- Elon Musk just put a whole bunch of Nvidia chips to work.
- He said on Monday his company, xAI, brought its AI training cluster, Colossus, online.
- Built with Nvidia's H100 GPUs, the cluster could help Musk play catch up to Meta.
Elon Musk might be distracted right now by Brazil's Supreme Court over its decision to ban X, but he isn't letting that stop him from pushing forwards with his AI ambitions.
On Monday, the billionaire said xAI — the company he launched in July 2023 — had brought a massive new training cluster of chips online over the weekend, claiming it represented "the most powerful AI training system in the world."
The system, dubbed "Colossus," was built at a site in Memphis using 100,000 chips from Nvidia, specifically its H100 GPUs. According to Musk, the current cluster was built within 122 days and will "double in size" in a few months as more GPUs are added into the mix.
Though Musk previously confirmed the size of the cluster in July, bringing it online marks a key step forward for his AI ambitions and, critically, allows him to play catch-up with Silicon Valley nemesis Mark Zuckerberg.
Like the Meta chief, Musk's ambitions — to turn xAI into a company that advances "our collective understanding of the universe" with its Grok chatbot — depend on high-performance GPUs, which provide the computing power required for powerful AI models.
These haven't exactly been easy to come by, nor have they been cheap.
The hype generated around AI since the release of ChatGPT in late 2022 has left companies scrambling for Nvidia GPUs, with shortages stemming from frenzied demand and supply constraints.
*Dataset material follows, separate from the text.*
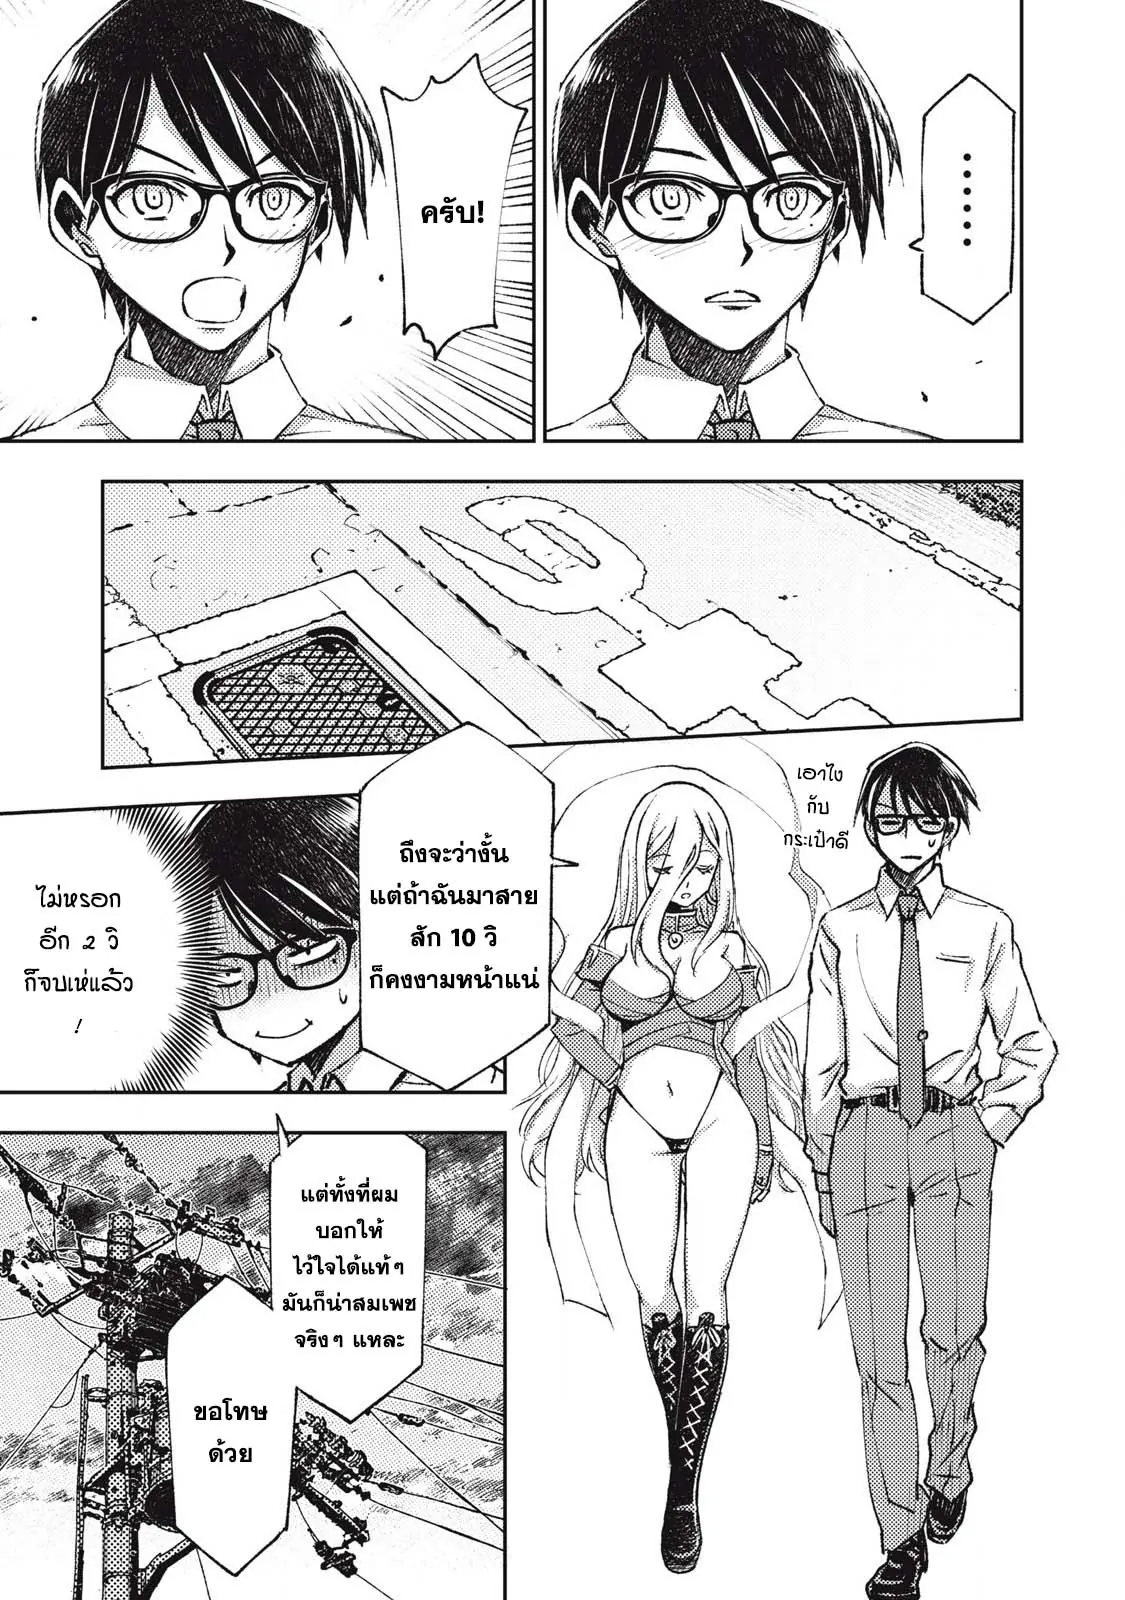 manga168
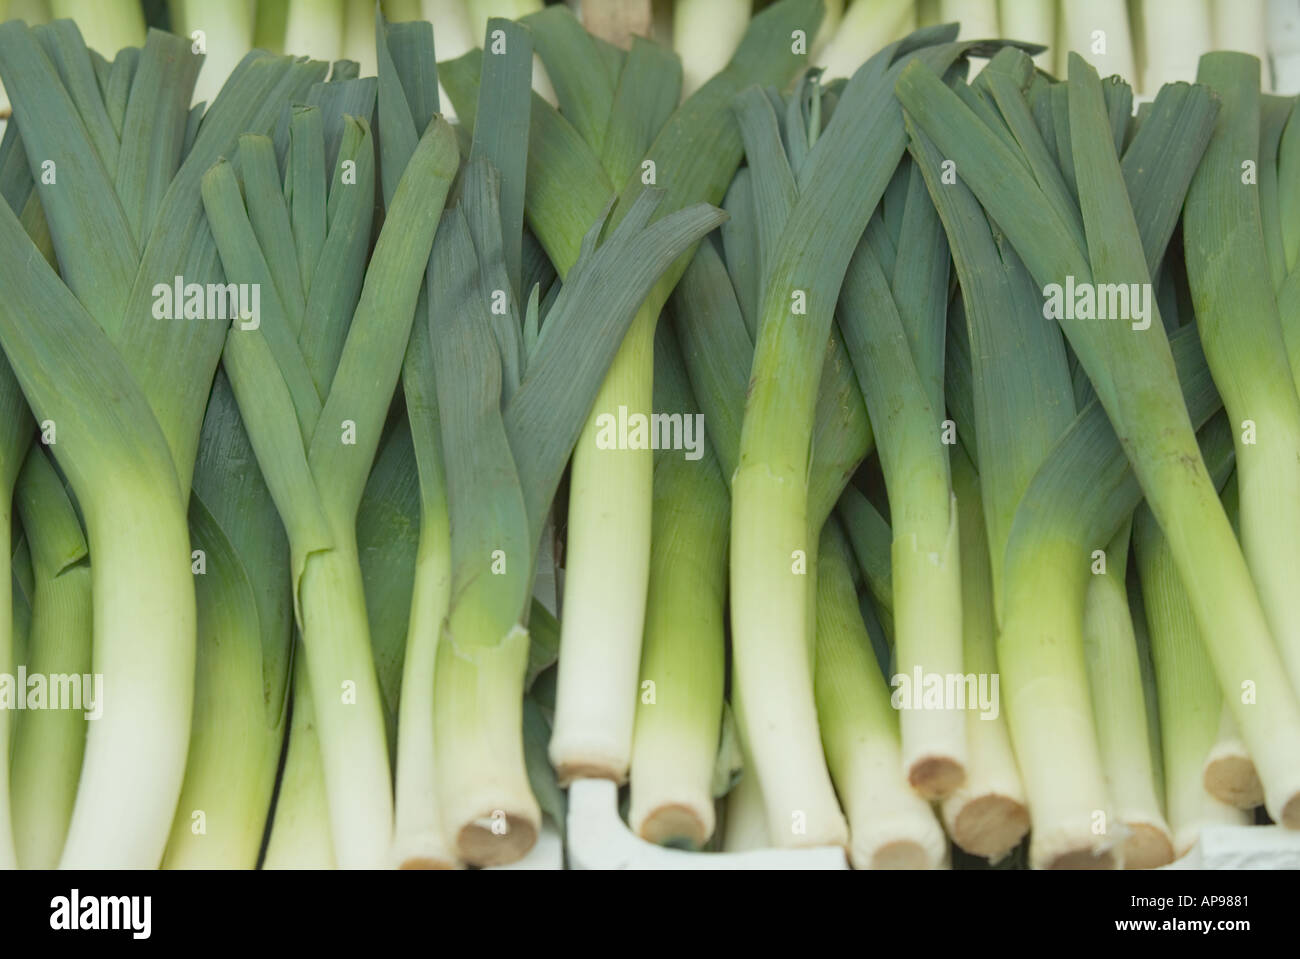 frische Lecks grünen Gemüse walisische Nationalpflanze Stockfotografie -  Alamy

In some instances, they have been sold for upward of $40,000.
That said, these barriers to access haven't stopped companies from securing a supply of GPUs in any way they can and putting them to work to edge ahead of rivals.
Llama vs Grok
Nathan Benaich, the founder and a general partner at Air Street Capital, has been tracking the number of H100 GPUs acquired by tech companies. He puts Meta's total at 350,000 and xAI's at 100,000. Tesla, one of Musk's other companies, has 35,000.
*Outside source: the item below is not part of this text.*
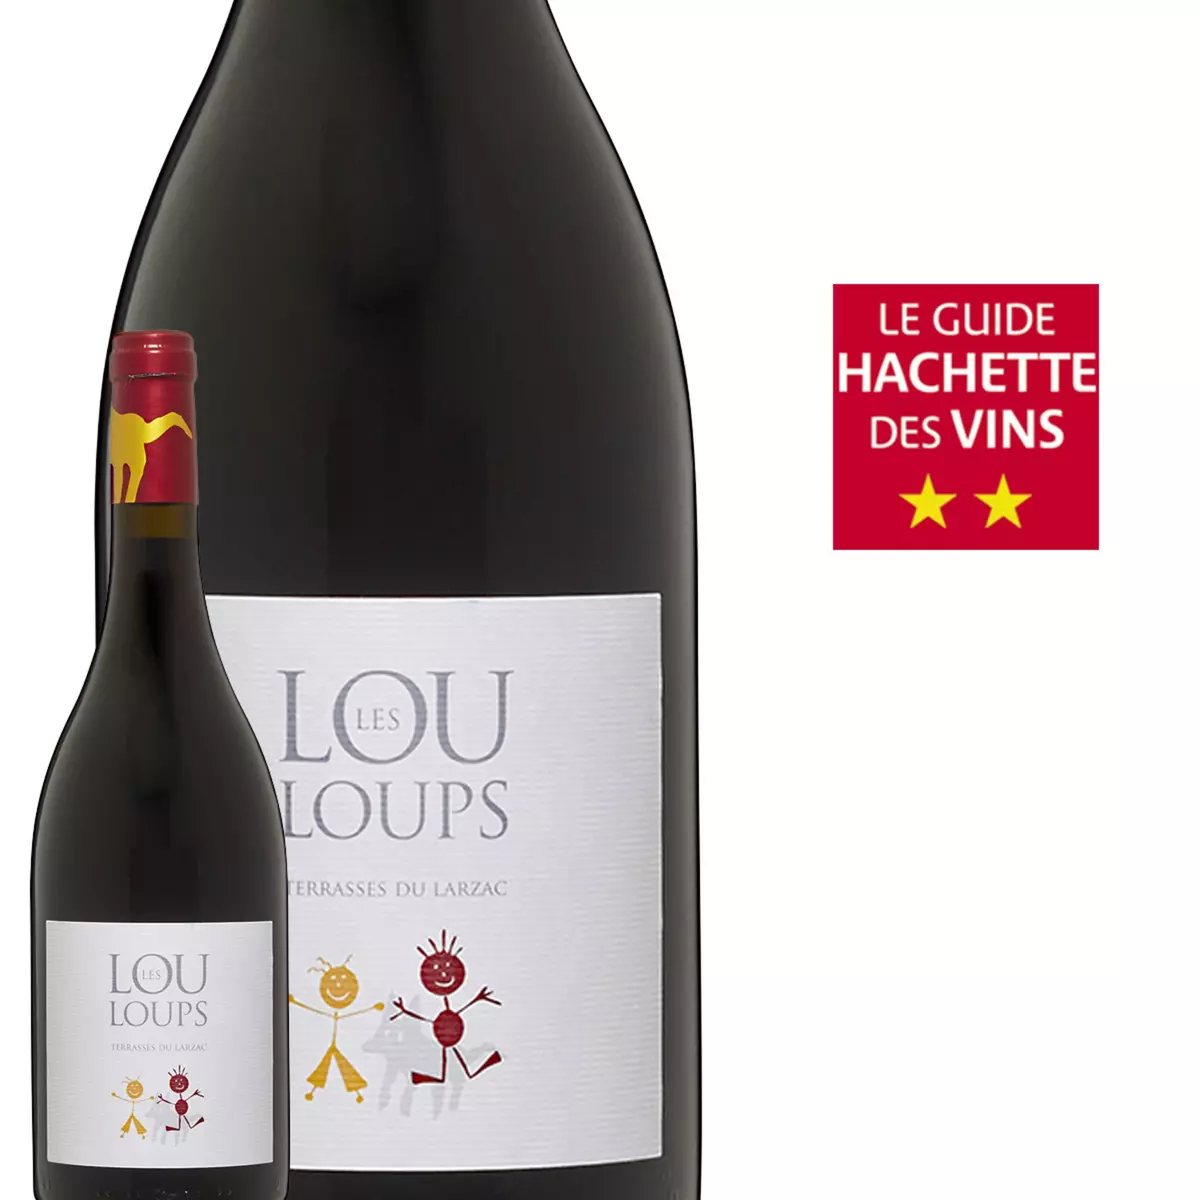 Les Louloups Le Clos du Lucquier Terrasses du Larzac Rouge 2014

Earlier this year, Zuckerberg said that Meta would have a massive stockpile of 600,000 GPUs by the end of the year, with some 350,000 of those GPUs being Nvidia's H100s.
Others, like Microsoft, OpenAI, and Amazon, haven't disclosed the size of their H100 pile.
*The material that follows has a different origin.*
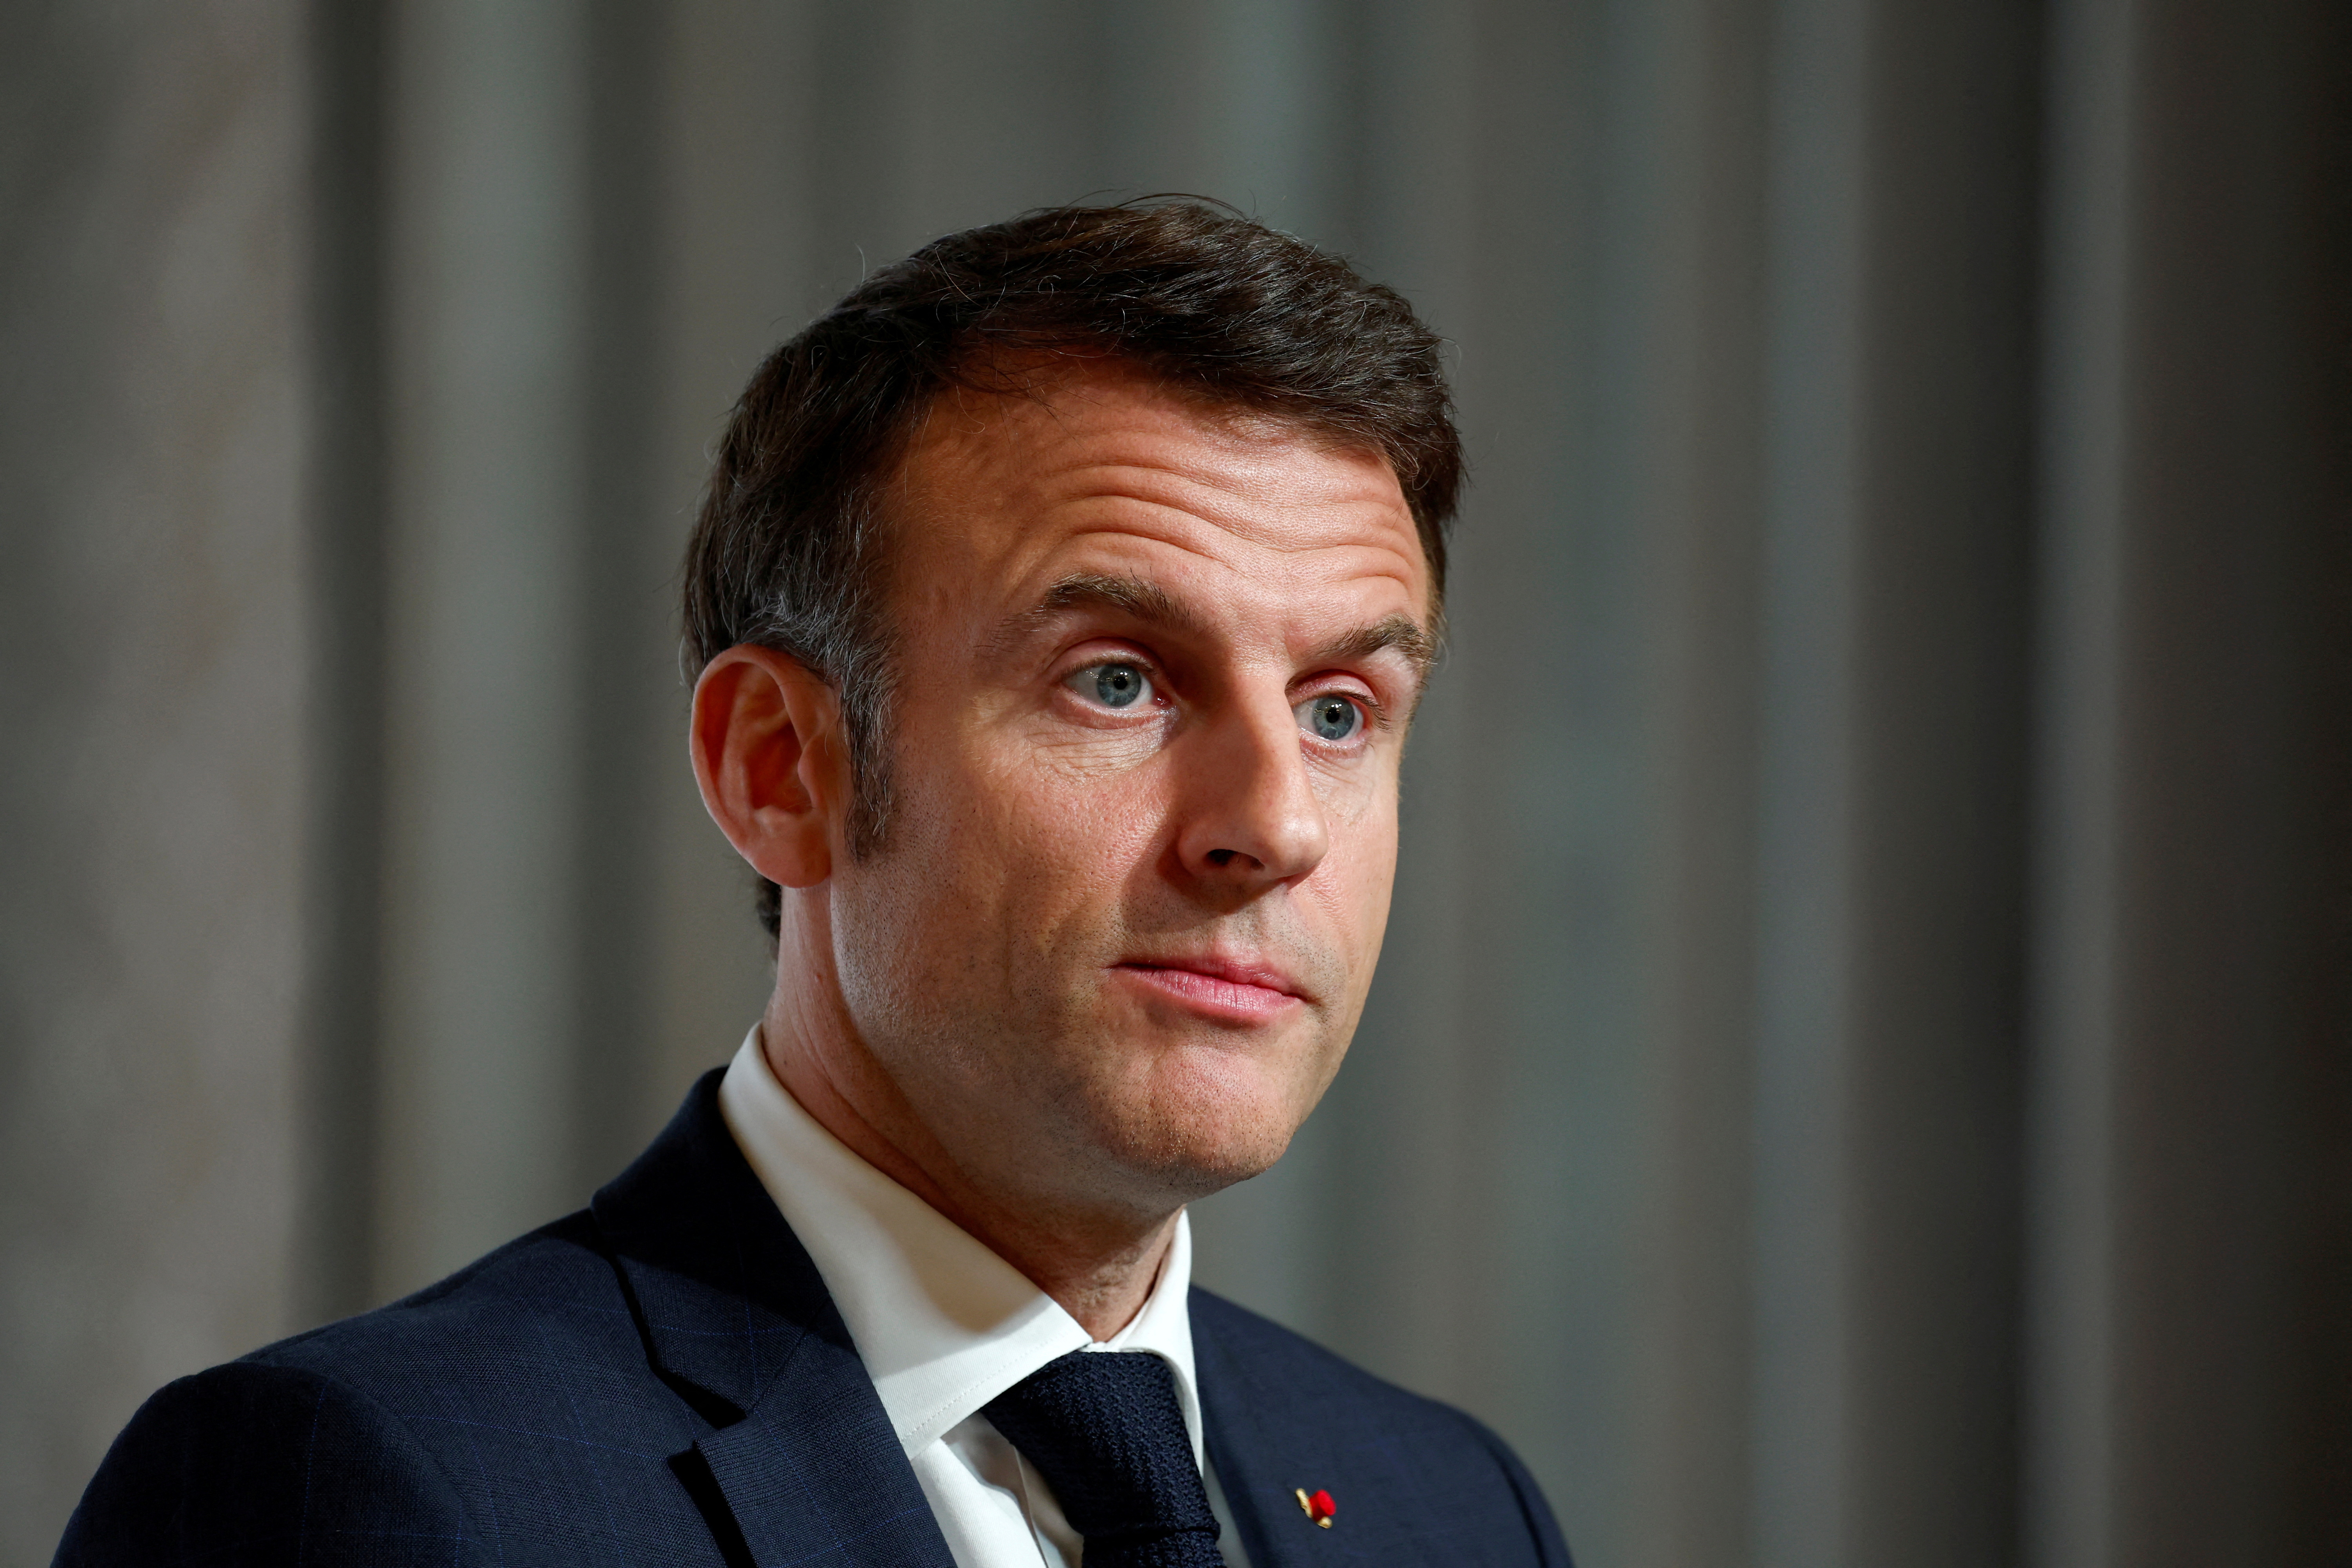 French President Macron hosts Ukraine summit in Paris

Meta hasn't disclosed exactly how many GPUs Zuckerberg has secured from his 600,000 target and how many have been put to use. However, in a research paper published in July, Meta noted that the largest version of its Llama 3 large language model had been trained on 16,000 H100 GPUs. In March, the company also announced "a major investment in Meta's AI future" with two 24,000 GPU clusters to support the development of Llama 3.
It suggests that xAI's latest training cluster, with its 100,000 H100 GPUs, is much bigger than the cluster used to train Meta's largest AI model, as of July.
The scale of the feat hasn't been lost on the industry.
On X, a post from Nvidia's data center account in response to Musk read: "Exciting to see Colossus, the world's largest GPU #supercomputer, come online in record time."
xAI cofounder Greg Yang, meanwhile, had a more colorful response to the news that riffed on a song by American rapper Tyga:
Shaun Maguire, partner at venture capital firm Sequoia, wrote on X that the xAI team now "has access to the world's most powerful training cluster" to build the next version of its Grok chatbot. He added: "In the last few weeks Grok-2 catapulted to being roughly at parity with the state-of-the-art models."
But, as with most AI companies, there are big question marks over commercializing the technology. "It's impressive xAI has been able to raise so much with Elon and make progress, but their product strategy remains unclear," Benaich told Business Insider.
Back in July, Musk said the next version of Grok — after training on 100,000 H100s — "should be really something special."
We'll find out soon enough how competitive it makes him with Zuckerberg on AI.